The first note is on quickly estimating the 95% confidence interval of an event rate when there are no observed events: if you observe n patients, and none of these patients have the event, then a 95% confidence interval for the probability of the event goes from zero to 3/n (source, with more mathematical detail than I care for). So, if you treat 5 patients and none of them respond, the true response rate could still be as high as 60%. Note that there are many drugs on the market now approved for response rates much lower than 60%, possibly because of the flipside of this calculation (5 of 5 responders could still mean that the true response rate is “only” 40%) combined with some persistence on the part of the developers. But are some drugs dropped too quickly? Probably, which increases the urgency of making clinical trials easier and cheaper to run.

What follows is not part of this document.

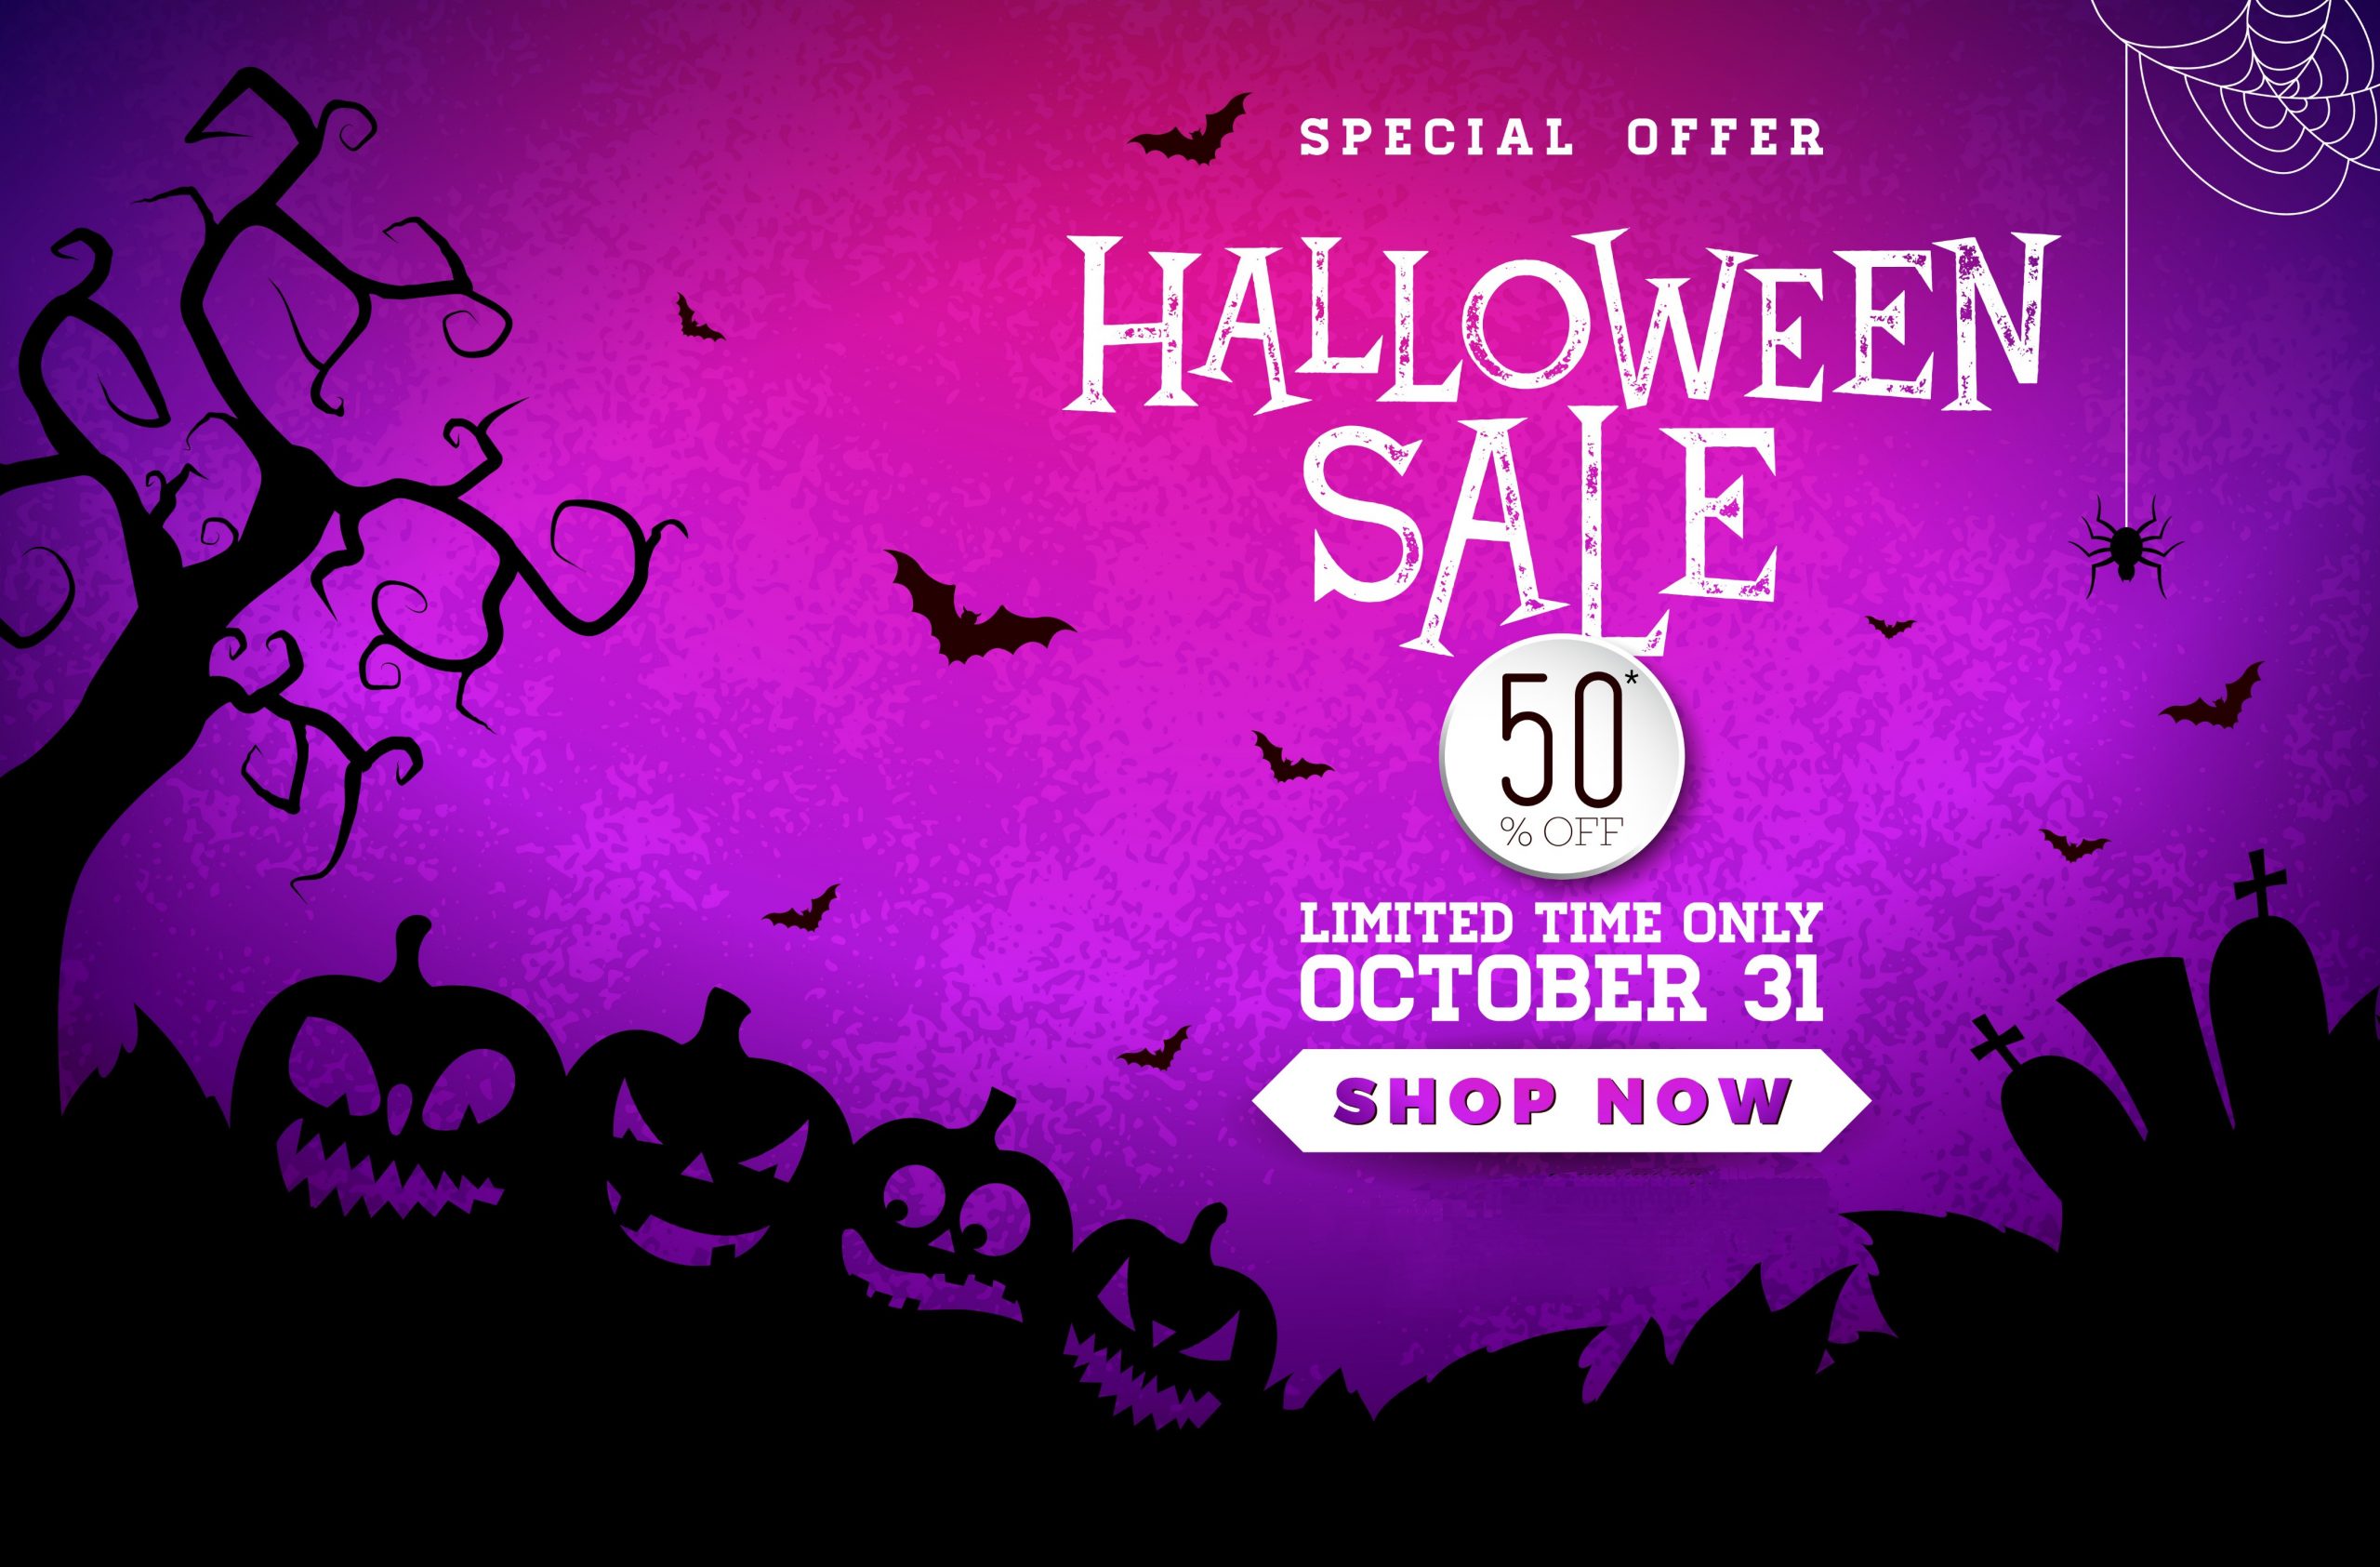 Halloween Offer Sales

Another implications is that in your standard 3+3 dose escalation design, where you go up in dose if the first 3 study participants don’t experience a dose-limiting toxicity, the 95% confidence interval of the DLT rate at that dose level is still 0 to almost 100%. So, the trials we are running aren’t giving us good enough information. Yay!

The second note, much les philosophical, is that there exists and online tool called reference extractor which can go through a document and extract all Zotero and Mendeley references from it for export into a variety of formats. It can also select those references in your Zotero library, which is life-saving for a slob like me who keeps his references haphazardly strewn across dozens of subfolders. This way anyone who asks can get a neat export, files included.